Master Cosmas made glowing signs with his hands; the old woman made different ones with hers. Slowly every trace of water, even of dampness, vanished. The dish where Arram’s troubles had begun was empty even of a drop. It fell to the worktable with a clatter.
Arram picked it up and turned it over in his hands. Despite the bother, he was sad that his spell was gone. The surge of excitement had faded, too, leaving him no idea of how to call it back.
Girisunika was furious. ‘Who helped him?’ she demanded, glaring at Arram’s classmates. She was so angry she ignored the newly arrived masters. ‘He’s a child – he couldn’t do it himself! Which of you vile parasites connived at this?’
Master Cosmas thumped his ebony walking stick on the floor. ‘Master Girisunika, control yourself!’ he commanded. He surveyed the room. ‘Youngsters, report to Hulak in the kitchen gardens. Let us see if you remember the difference between coriander and weeds.’ As Arram’s fellows gathered their things and filed out of the classroom, Master Cosmas added, ‘Girisunika, Arram Draper, come with us.’

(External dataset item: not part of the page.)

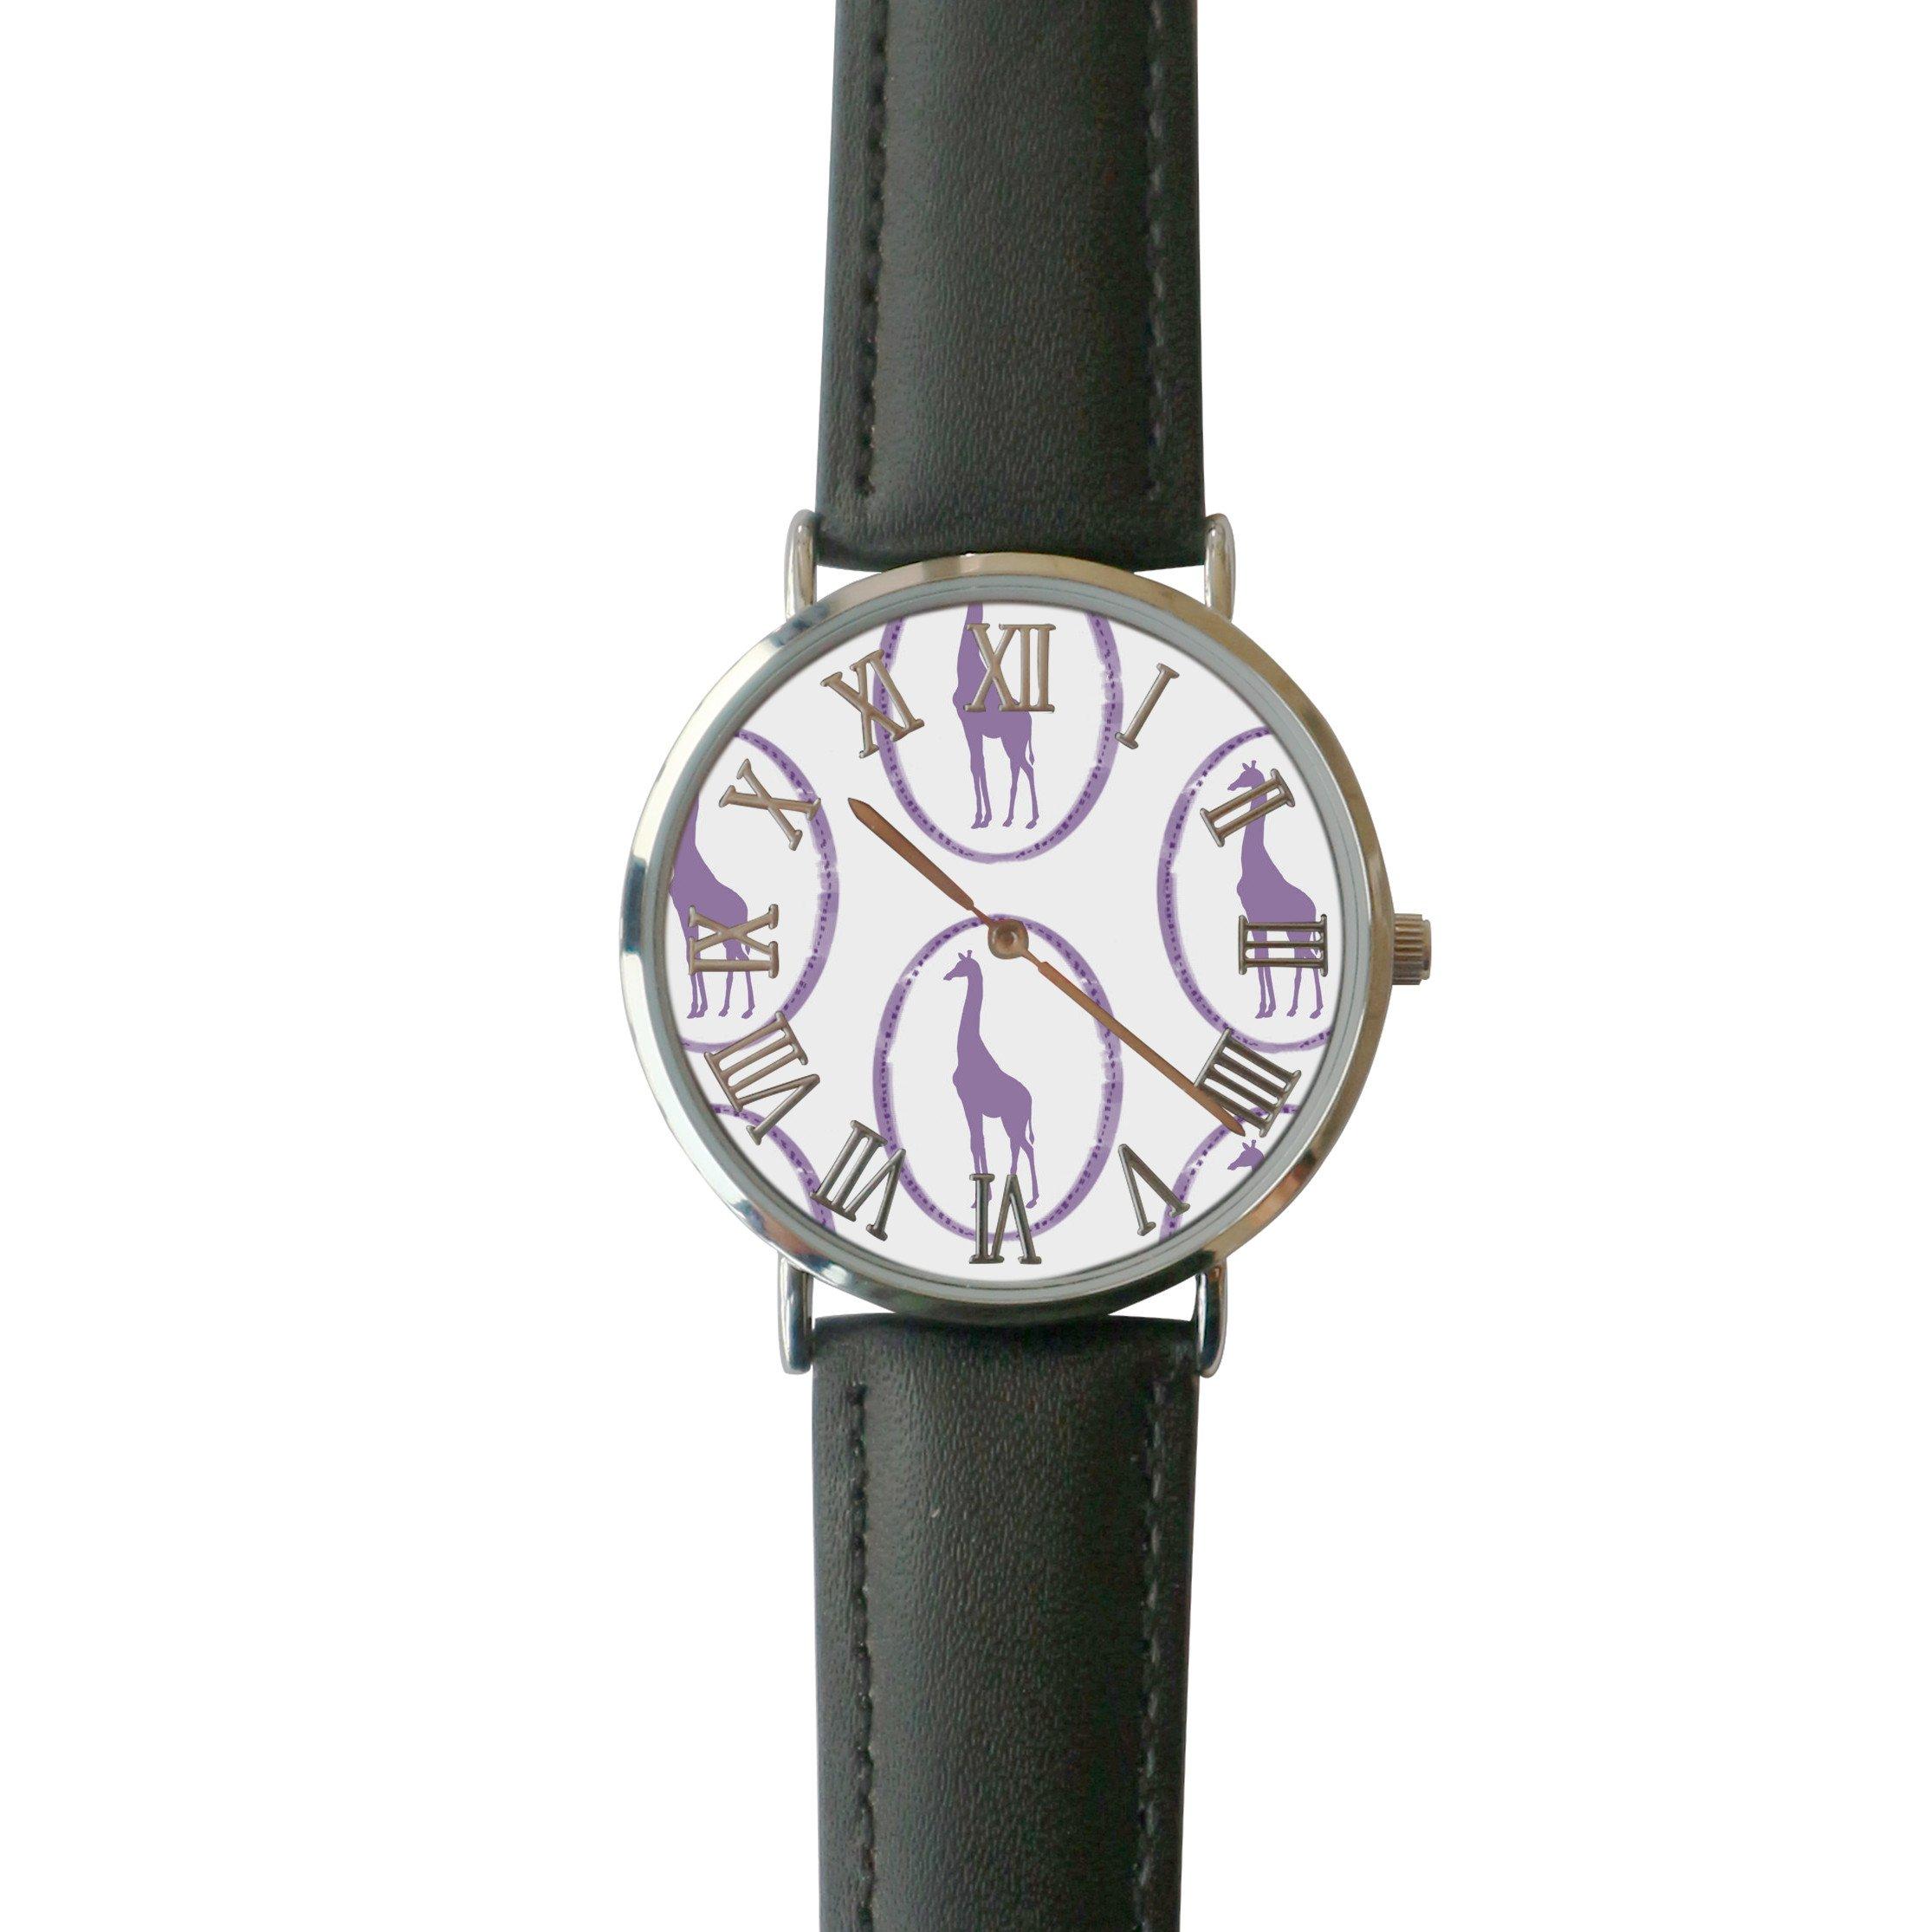 JISJJCKJSX Gray Giraffe custom watches quartz watch stainless steel case
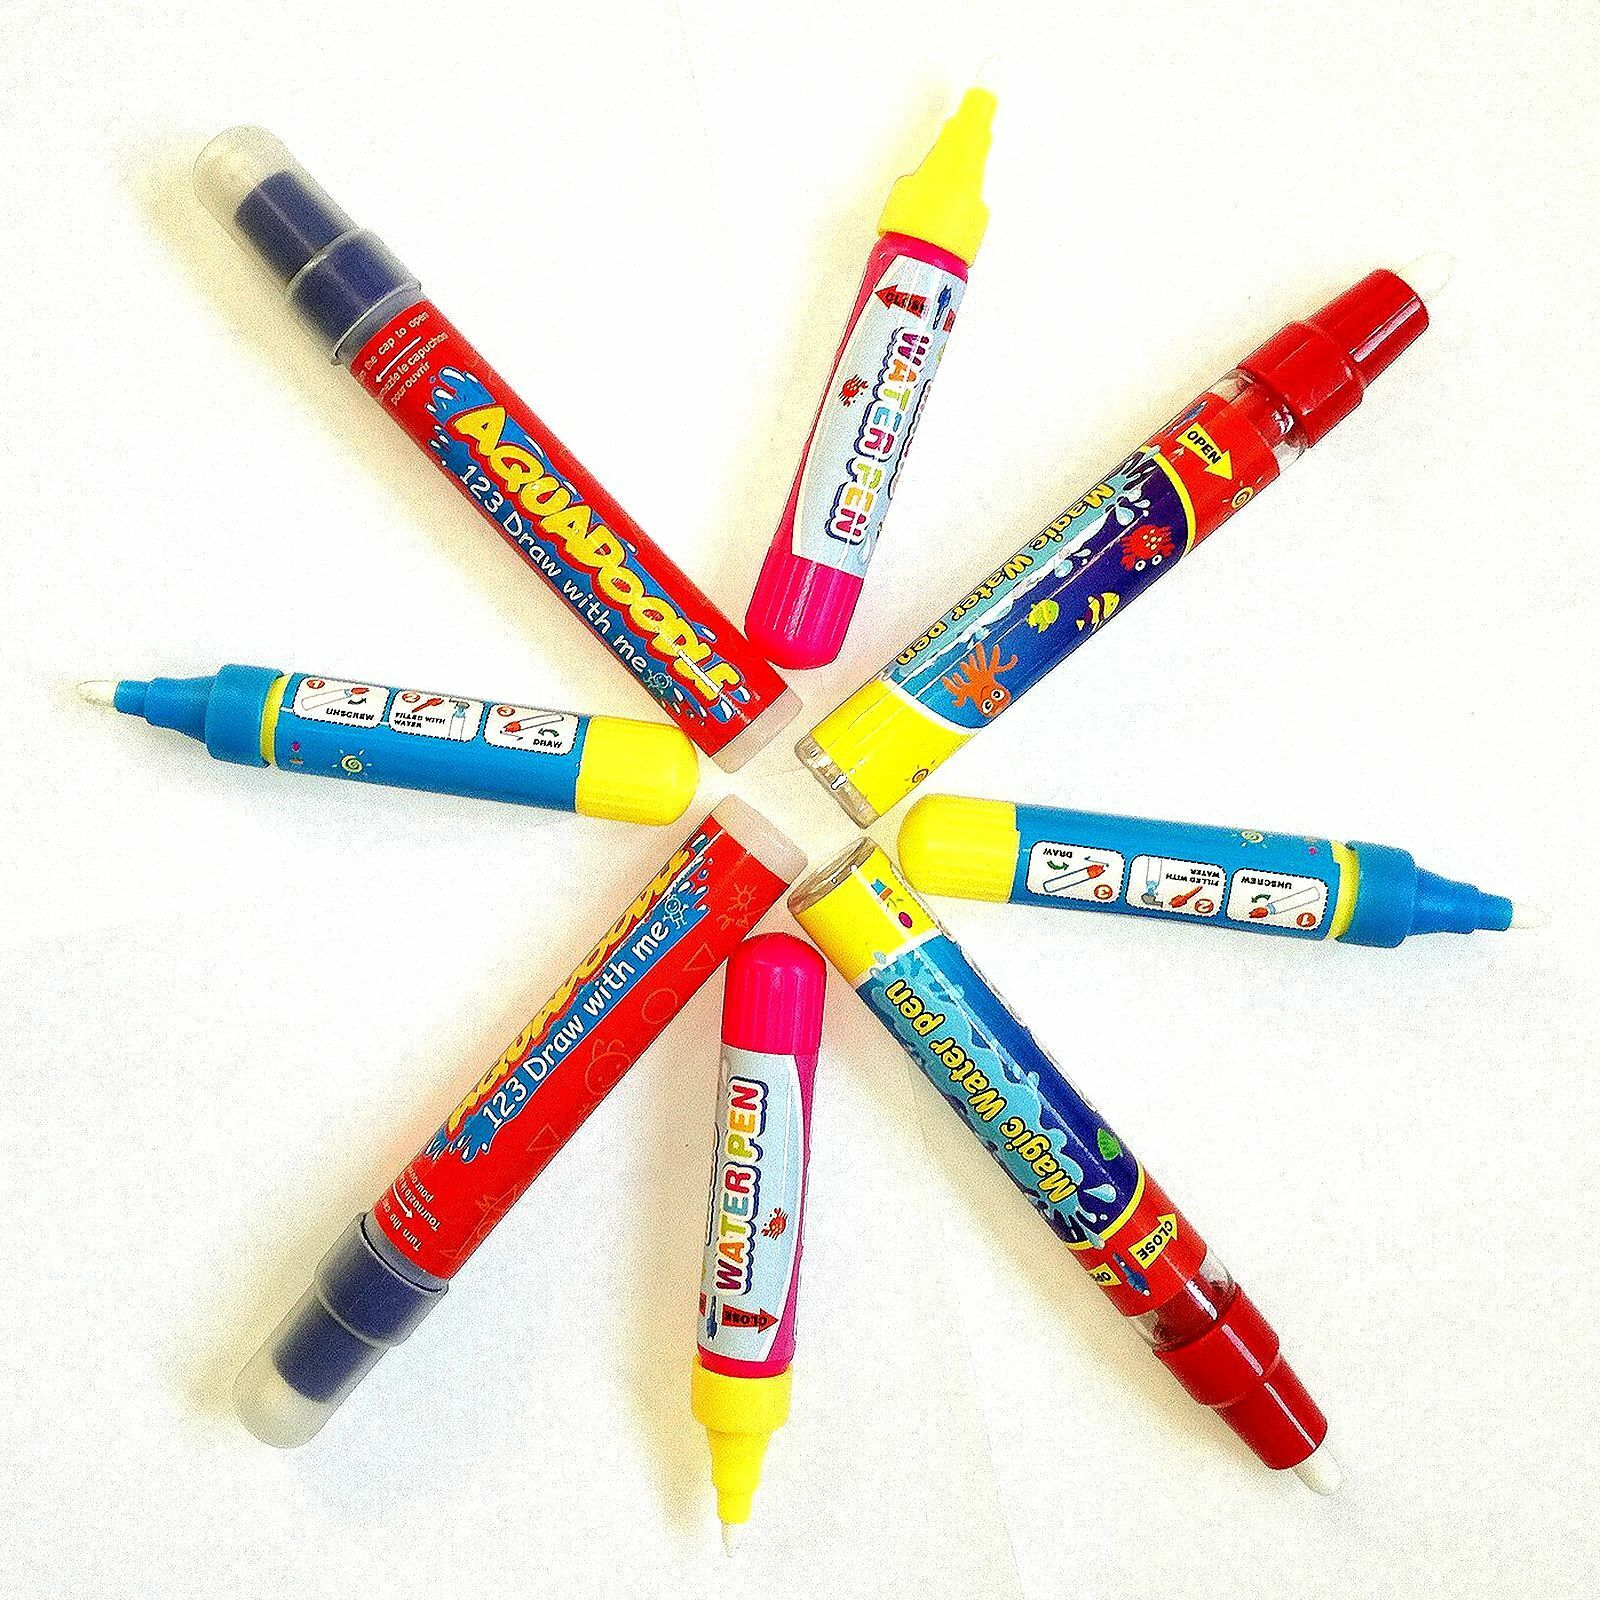 2x Stift für Aqua Doodle Malstift Ersatzstift Zusatzstift Malen mit Wasser draw

Masters Cosmas and Girisunika drew ahead as they walked through the marble halls. Arram, who had been raised to be polite, kept pace with the slower old woman. They had not gone far before she asked, ‘Did you have help from the others?’
Arram looked at her. ‘No, Master,’ he said. ‘They couldn’t have done it anyway. They aren’t very good.’
The woman snorted. ‘They are perfectly suited to those studies for their age, young man – as you should be. I am Master Sebo Orimiri. Who are you?’
Arram bowed as he’d been taught. ‘I’m Arram Draper.’
‘So you are the Draper lad. That explains a great deal.’ She walked on, making him trot to catch up.
‘It explains something?’ It was accepted in the Lower Academy that nothing explained the strange events that happened around Arram. ‘Whatever it explains, I probably didn’t do it on purpose,’ the boy added.
‘Tell me, what is your favourite place in the university?’
Arram looked at the master, sensing a trap but unable to figure out what manner of danger it could possibly hold. In the end he decided honesty would probably get him in the least amount of trouble. ‘The river. Or – or the gardens. But usually the library, Master Sebo.’
‘Only the Lower Academy library?’ She glanced at him and smiled. ‘The truth, lad. I’ll know if you lie.’
Something about her convinced him that she meant what she said. ‘No, Master. The mages’ library for the Upper Academy.’
‘Indeed!’ He seemed to have surprised her. ‘Not the Upper Academy? Aren’t the mages’ books too difficult?’
‘Most of them,’ he admitted. ‘Usually I read encyclopedias and books like that. They aren’t too hard, and I can look up the parts I don’t understand.’
‘I see. And how do you get past the librarians?’
‘There is this one book … The spells make me seem like part of the background.’ Arram smiled.
‘But surely, when you move, they notice.’
‘There was a note that you shouldn’t move when people look at you,’ Arram said.
‘Very practical. And this spell is useful, I take it? Not just for reading?’ Master Sebo asked drily.